On his 90th birthday, Fidel Castro plays the skeptic to a changing Cuba

In a column published in Granma, Mr. Castro took exception with Barack Obama's May speech in Japan.

A man cleans the doorstep of his home with an image depicting Cuba's former President Fidel Castro and writing that reads "90 Anniversary" in Havana in August.

Carnival celebrations on Havana’s Malecón seafront esplanade Friday melded with a concert held in honor of the birthday of former Cuban president Fidel Castro, who turned 90 on Saturday.

Mr. Castro, who has not appeared in public since a Communist Party Congress in April, was not expected to turn up to any of the celebrations, according to Reuters. But the retired Cuban leader did make his presence felt on the occasion, publishing a column in state newspaper Granma that reflected glancingly upon his early childhood before turning to President Barack Obama’s May visit to Japan.

“In my estimation, the US president’s speech did not rise to the occasion when he visited Japan [in May], and he lacked the words to apologize for the murder of hundreds of thousands of people in Hiroshima, though he knew well the effects of the bomb,” wrote Castro. “The attack on Nagasaki, chosen randomly by the owners of life, was equally criminal. It is for this reason that we must return again and again to the necessity of preserving peace, so that no single power may claim the right to kill millions of human beings.”

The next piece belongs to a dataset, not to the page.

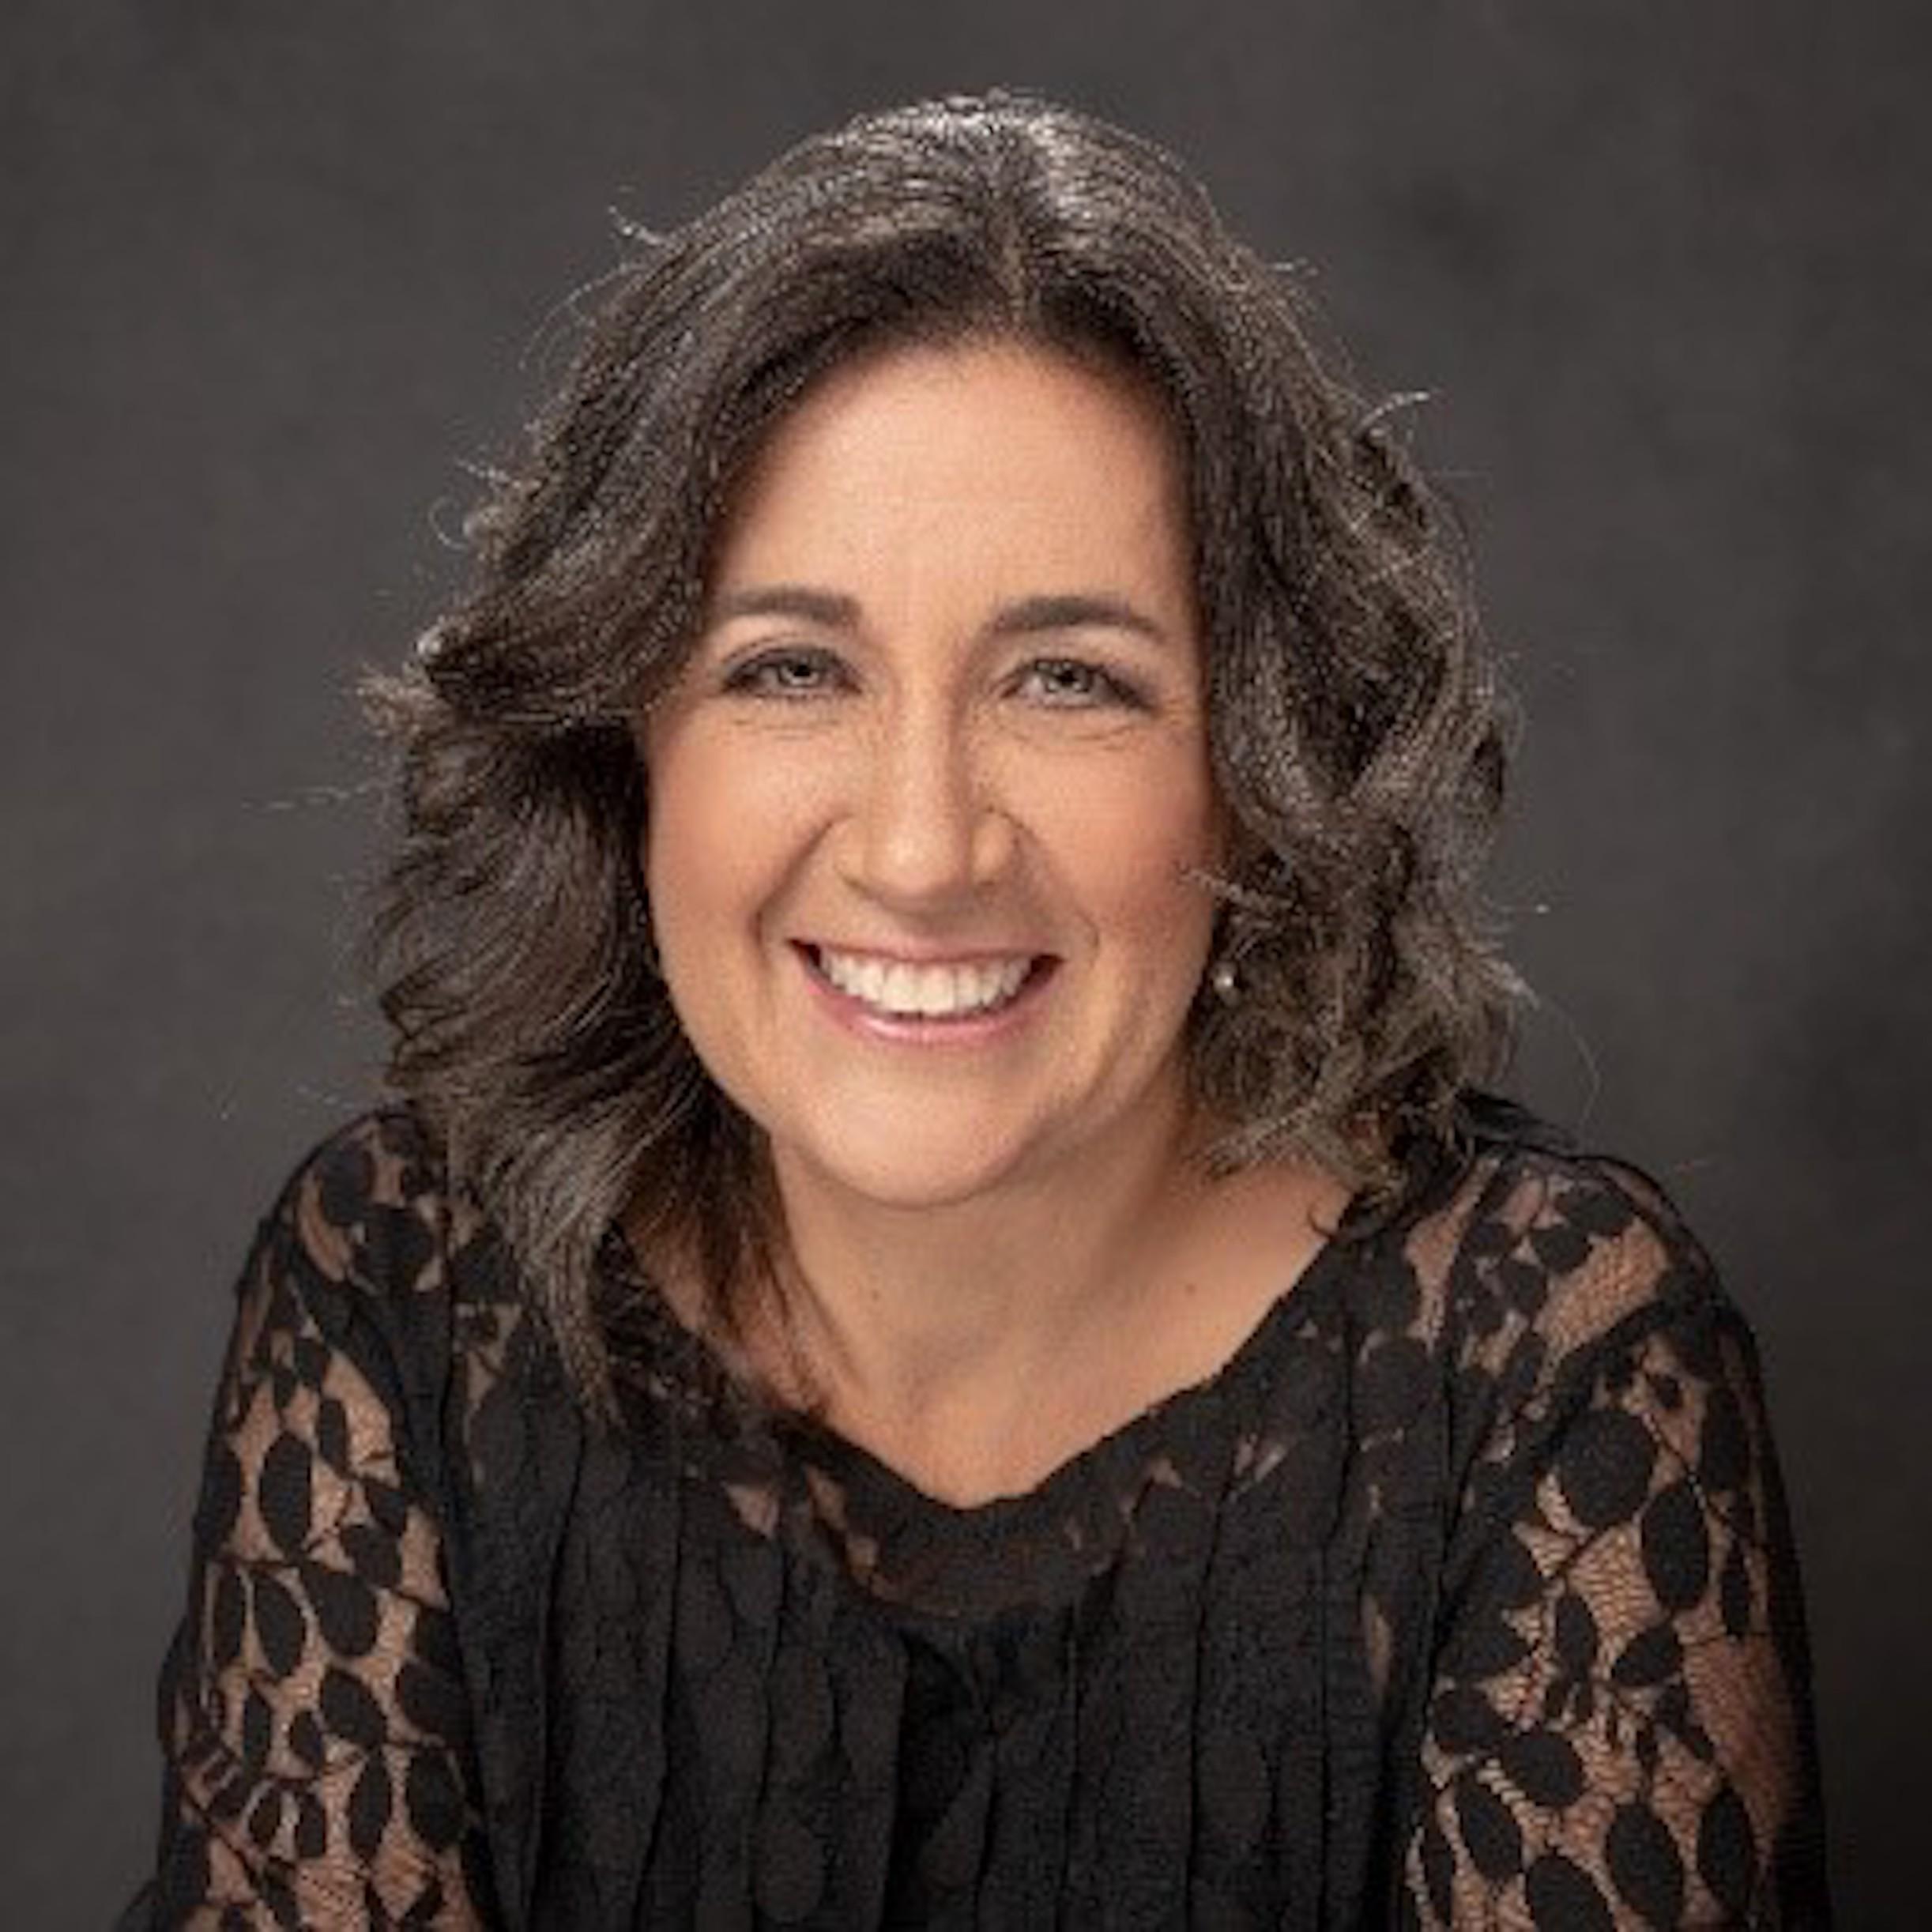 Patti Ordonez Promotes Women in Computing!

His comments take place against a backdrop of slow but definite change in Cuba, where his octogenarian brother Raúl has presided over an incremental liberalization of the island’s economy, as well as a July 2015 normalization of diplomatic relations with the United States. Since then, Fidel has cast himself in the role of skeptic over the United States’ intentions and the nature of its influence in Cuba, even as he backs his brother’s decisions.

"Soon I'll be 90, something that never would have occurred to me," he said at the April Communist Party Congress, where he urged Cuba not to abandon the path of socialism. "Soon I'll be like all the others. Our time comes for all of us, but the ideas of the Cuban communists will endure."

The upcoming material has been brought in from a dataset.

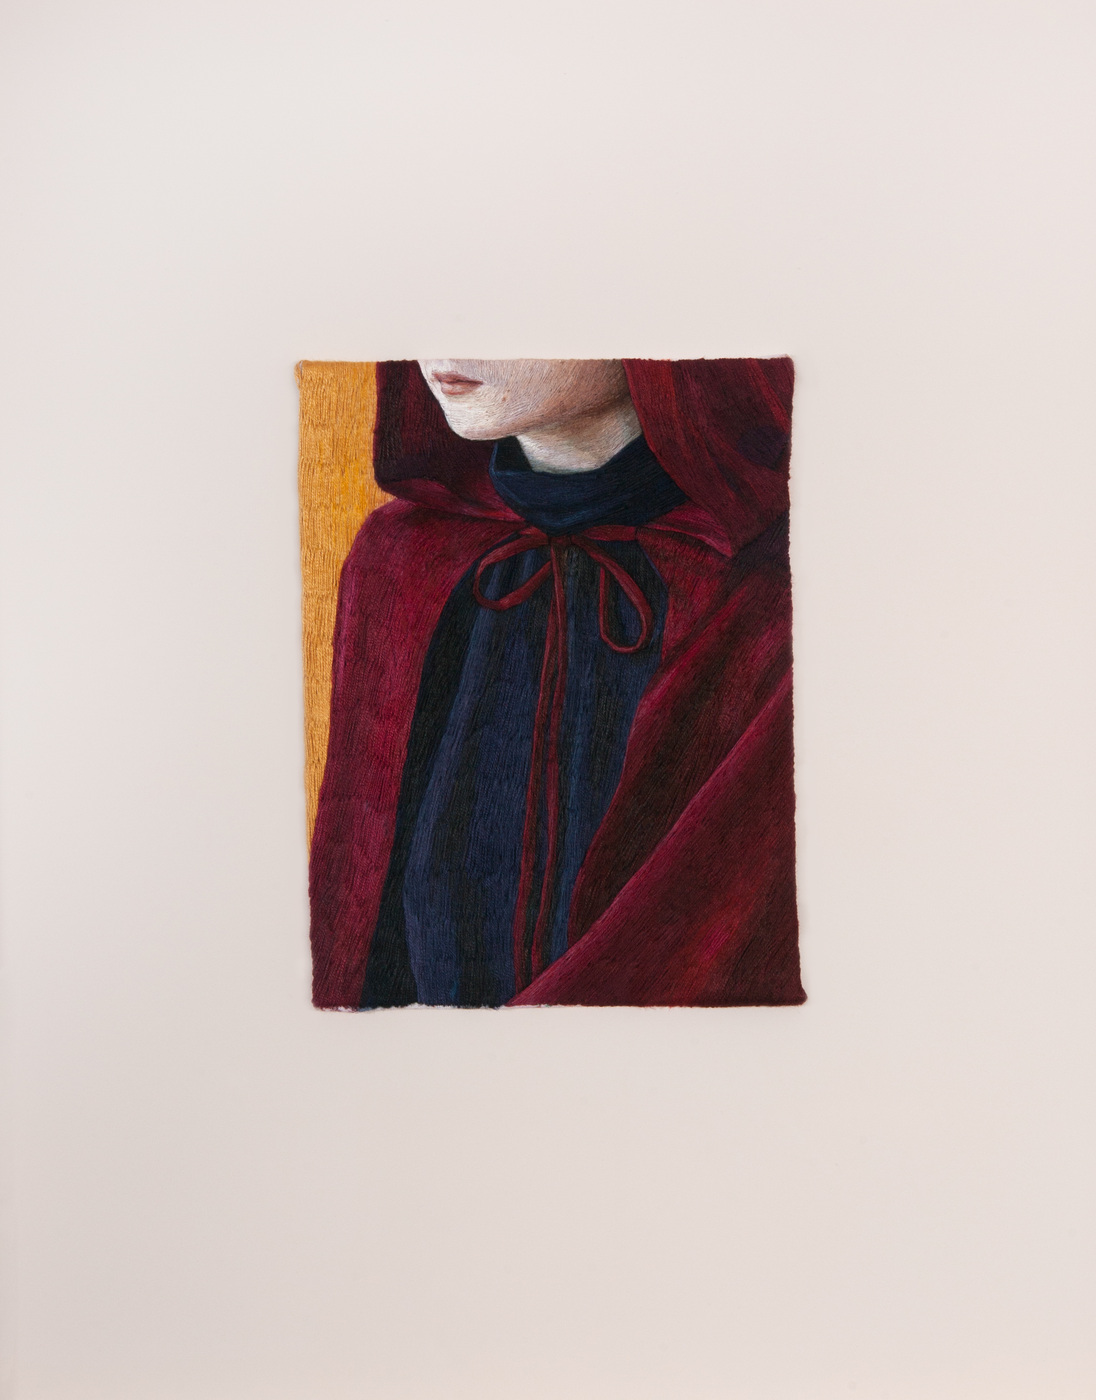 6.handmade embroidery

In a March Granma column following Obama’s trip to the island, Fidel issued a miffed rebuke to the US president’s call to look to the future, saying that “all of us were at risk for a heart attack” upon hearing the speech’s “sweetened” words.

“We do not need the empire to give us anything,” he wrote then.

Still, the next chapter in US-Cuban relations is set to open on Aug. 31, when direct scheduled commercial flights resume for the first time in 50 years. Eight airlines will offer flights from 10 US cities: Atlanta; Charlotte, N.C.; Houston; Los Angeles; Newark, N.J.; New York; and four in Florida — Miami, Fort Lauderdale, Orlando and Tampa. Of the 20 daily nonstop flights allowed to Havana, 14 are from Florida, home to the largest population of Cuban-Americans, the Associated Press reported.

Meanwhile, official celebrations for Fidel’s 90th  will be relatively low-key, but will include the rolling of the world’s longest cigar – a 90-meter-long stogie that involved over 100 people and ten days of work, according to La Jornada in Mexico – as well as an island-wide performance by children’s choruses and photo exhibitions paying tribute to the revolutionary leader.

Venezuelan president Nicolás Maduro, who arrived in Havana on Friday night, is scheduled to participate in celebrations, according to Prensa Latina. Relations between the two countries remain close, despite substantial decreases in shipments of the subsidized oil to Cuba that characterized the era of late Venezuelan president Hugo Chávez. 

This report contains material from the Associated Press.